任务重时间紧,林意绵三日后就要动身前往洛阳,跟李儒媚娘假扮黄巾贼到东汉书院捣乱同步进行,而吕布则作为后备成员随时待命,毕竟那八门金锁阵不知是真有用还是虚有其名,要是被东汉书院的学生破解了那还得河东青年才俊中武功第一的吕布出马,关于他的详细计划暂时未定,且看那时形势如何,具体问题具体分析。
也因为这样,林意绵没能理解吕布郁结为何,她手上力道添一分,那竹签又陷深了些。
“绵绵。”
他没来由地喊她名字,声音很轻,似乎连这简单的两个字都抓不住。
夕阳渐隐,沿街店铺皆关上大门,只有一丝冷气从门缝溜出,店里随即播放着时下最热门的歌曲,是旖旎暧昧的曲调。

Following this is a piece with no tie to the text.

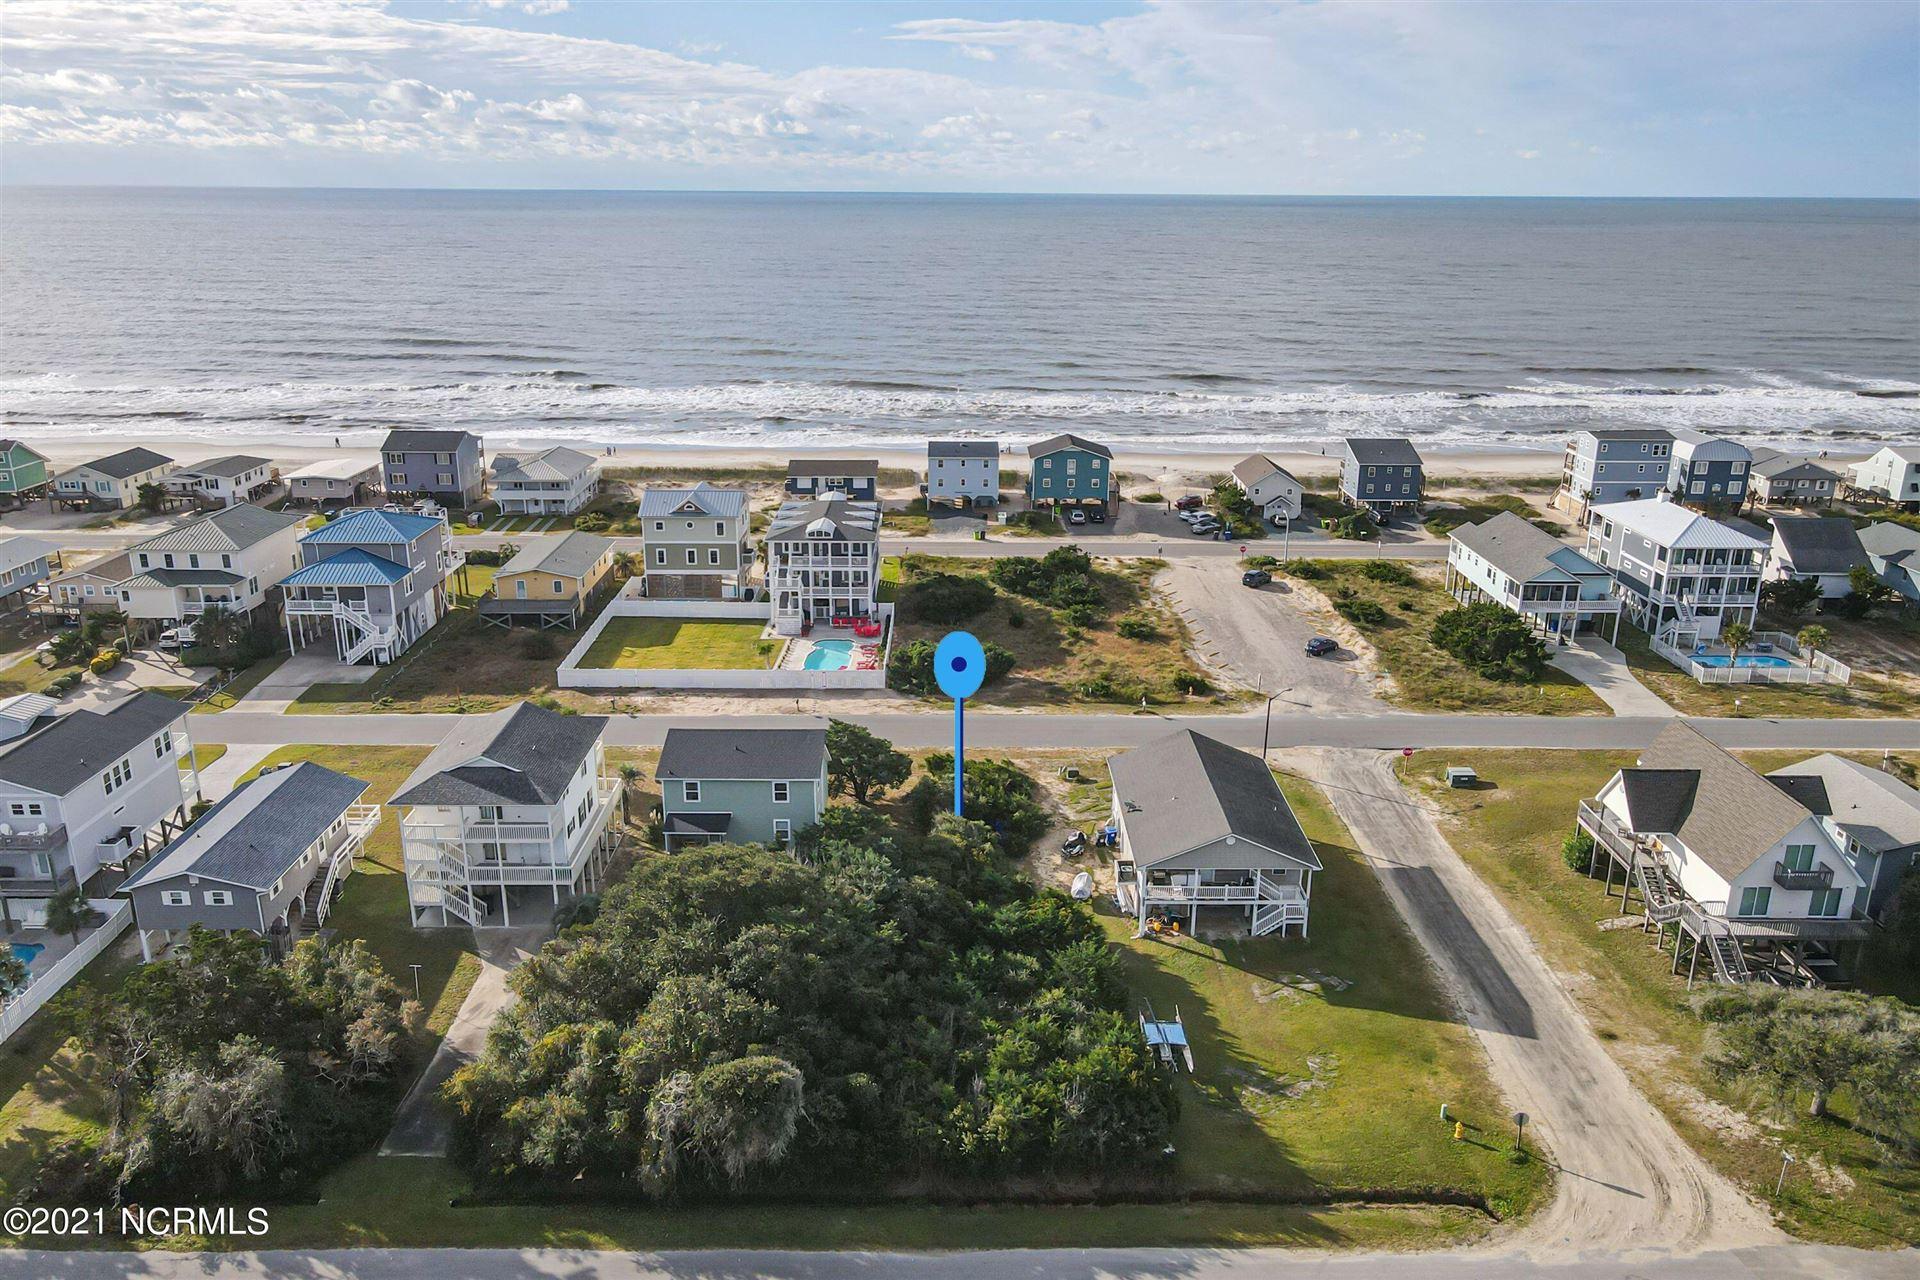 Photo of 128 W Dolphin Drive, Oak Island, NC 28465 (MLS # 100284170)
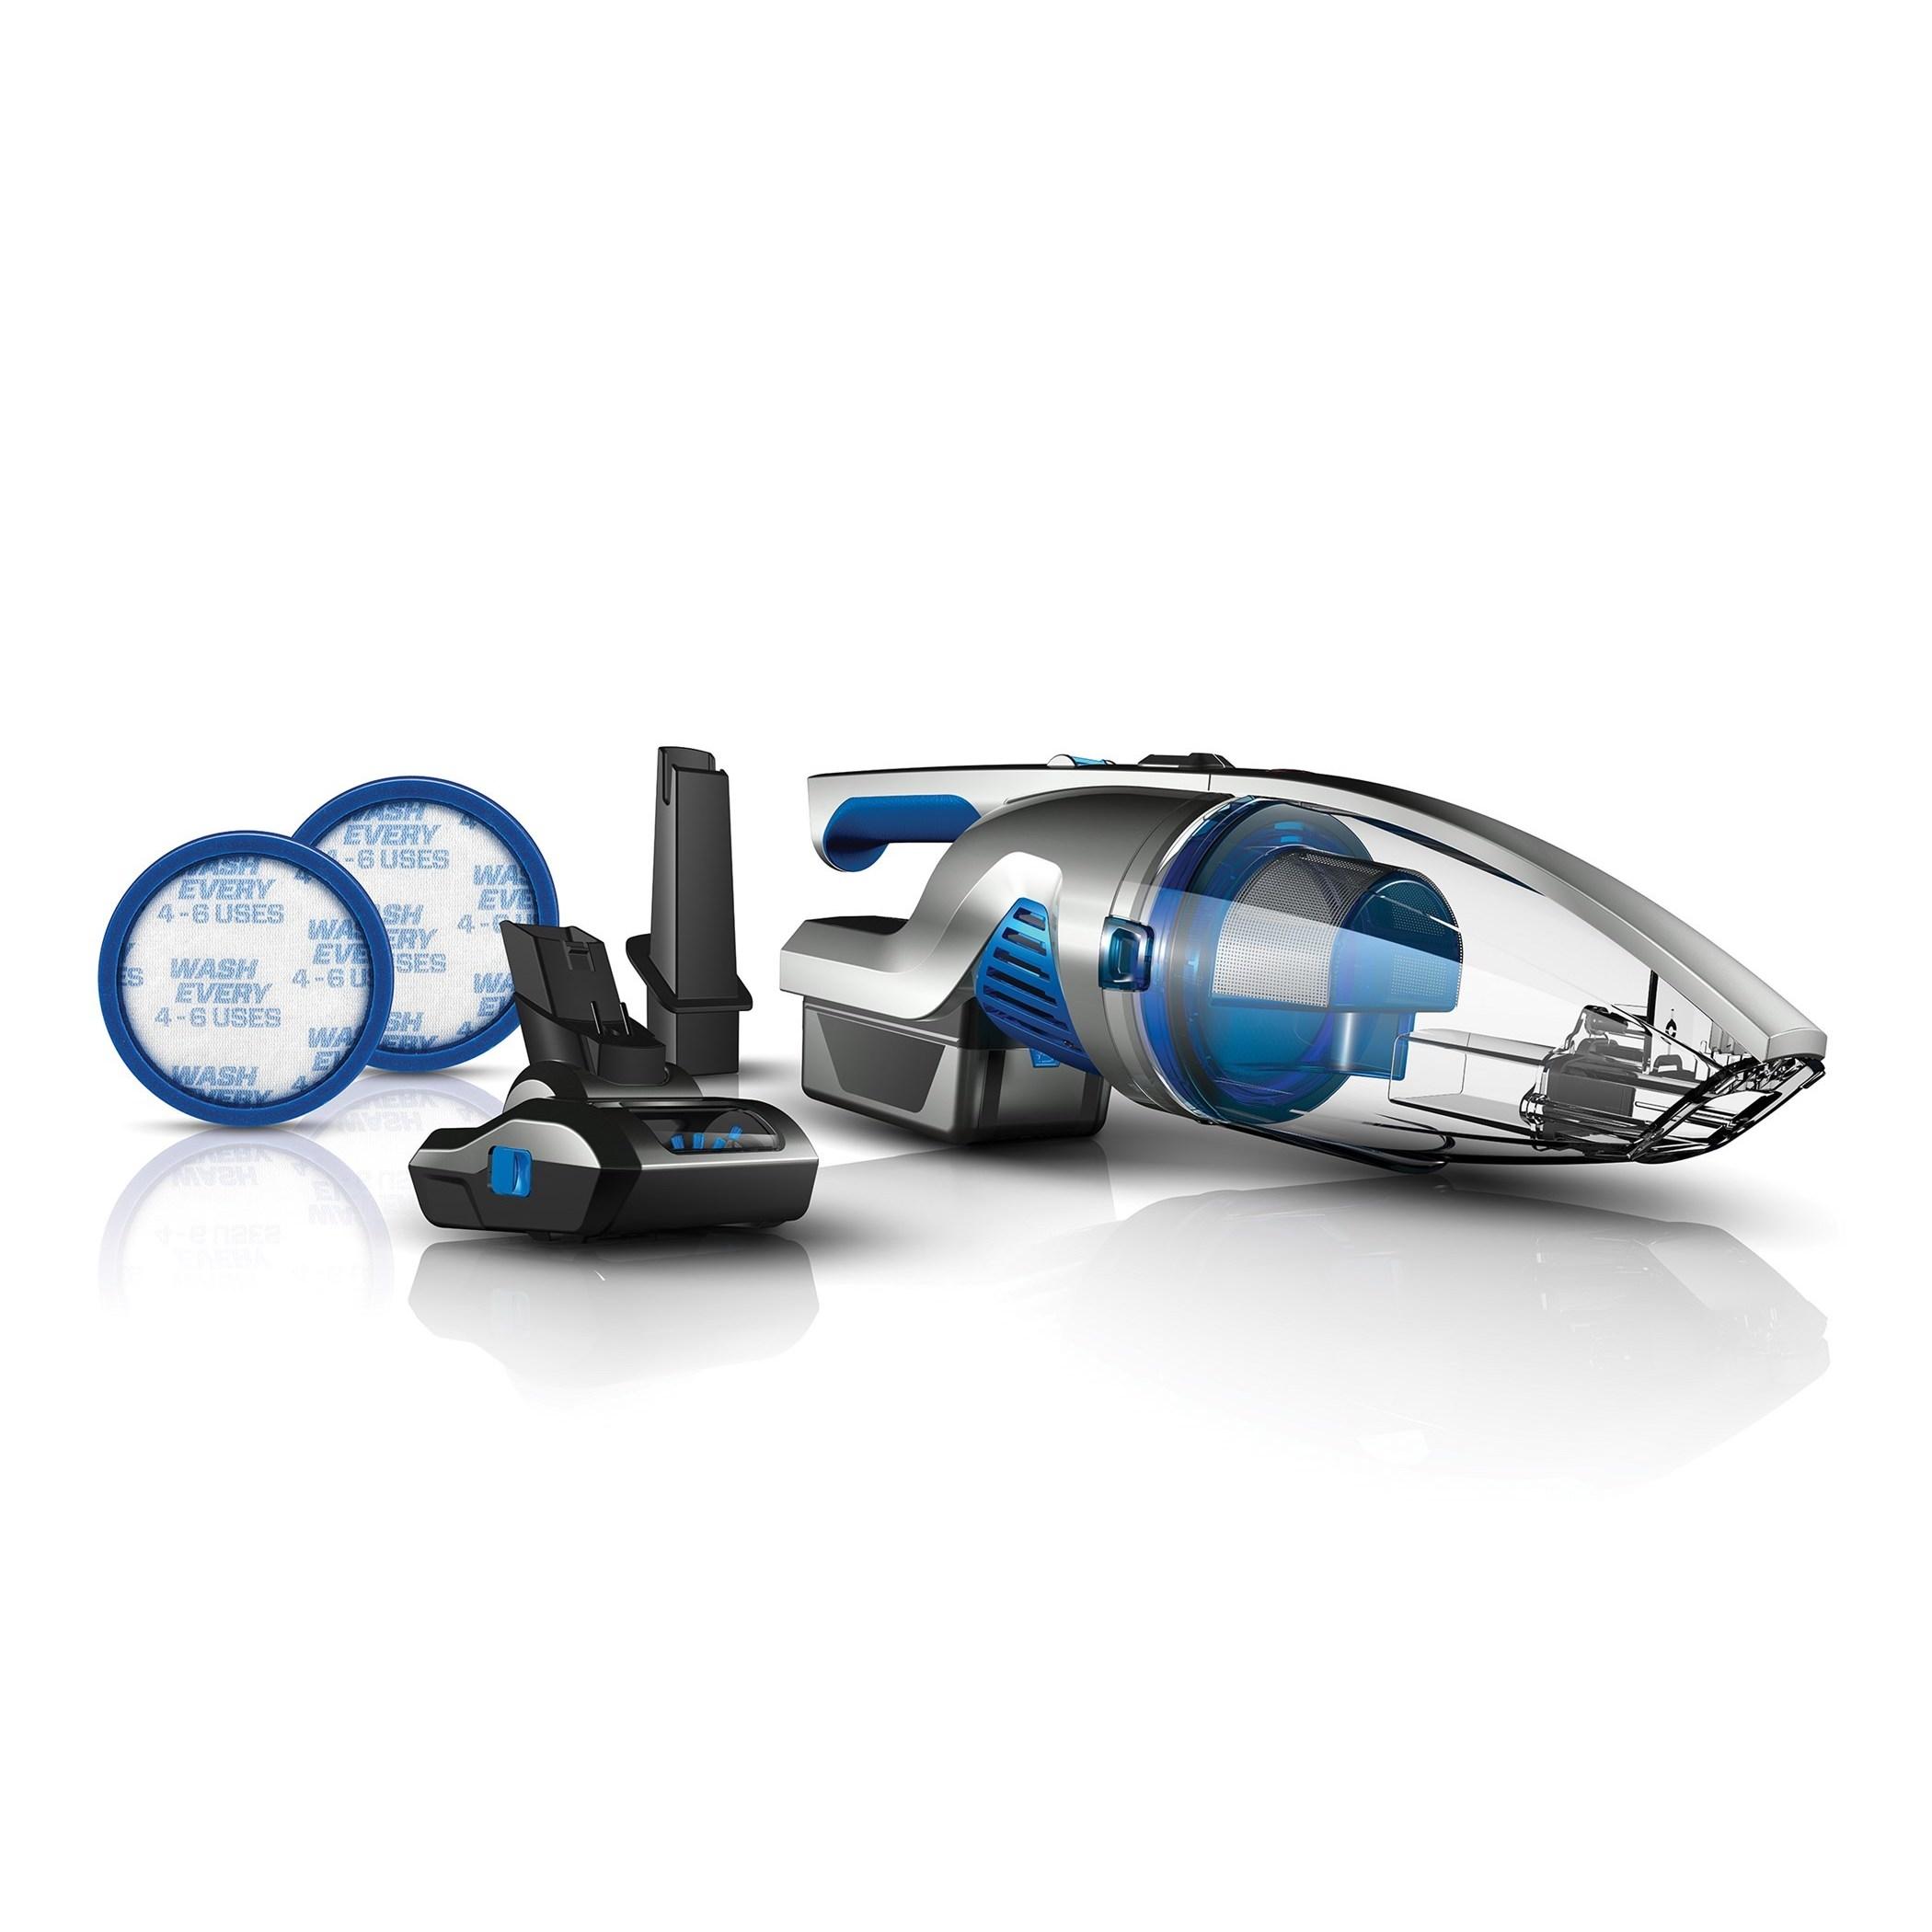 Hoover BH52160PC Air Cordless Handheld Vacuum, Blue

林意绵目光落在玻璃橱窗映出的两人身影上,听见吕布在叫自己,又偏头抬眼看去,视线与他的纠缠。
“怎么了?”她收回了那根竹签。
异物感不再,吕布低垂着眼,“没什么,只是想问你一个人去洛阳会不会害怕。”他不敢看林意绵的眼睛,更别说把那些自己都觉得愚昧荒唐的话说出口。
说他担心她跟曹操走得太近而因此爱上对方吗?还是说他嫉妒曹操,哪怕他与绵绵二人早已相识十余载。
或是说他不相信彼此间看似坚不可摧的情谊,只因他不坦荡,做不到问心无愧将她看作不掺杂男女之情的挚友。
都不可能,他习惯将那些含蓄爱意藏在心底,藏在无数个四目相对时,藏在每个与她拐过的街角跟黄昏路灯。但在转念间,又不可抑制地幻想往后她与其他人欢笑言说的场景,所有源自于她的情绪在胸腔内剧烈碰撞着,几乎将他的身体穿透。
他极为克制地看着林意绵,听她说不怕,唇角上翘勾出弧度,听她自卖自夸说自己武功也是一等一的好。粉霞余晖如薄雾纱幔缀在她身上,如梦似幻,她两弯黛山眉生得极好,秀丽温雅,偏有双只消颤颤羽睫便能勾魂摄魄的狐狸眼,艳色灼人,分明只是穿着河东高校的制服,就已经是十足十的出挑……
吕布后知后觉自己竟无法做到审时度势,哪怕是义父实施争夺天下大计的重要节点。
只因他几乎是下意识地攥住林意绵的手腕。
他看她鼻尖那仿佛技艺高超的画师力求锦上添花所加上的一点红痣,又看她绯色的唇瓣,精巧的下巴。
心跳声如擂鼓震耳,他说,“绵绵,跟我在一起吧。”
她早已融入他的血与肉中,不过分离就已是剜心剔骨的痛。
他姿态低微,眉眼虔诚,决心铲除横亘在彼此之间的所有阻碍。
无论是三天后的曹操,又或是这天下。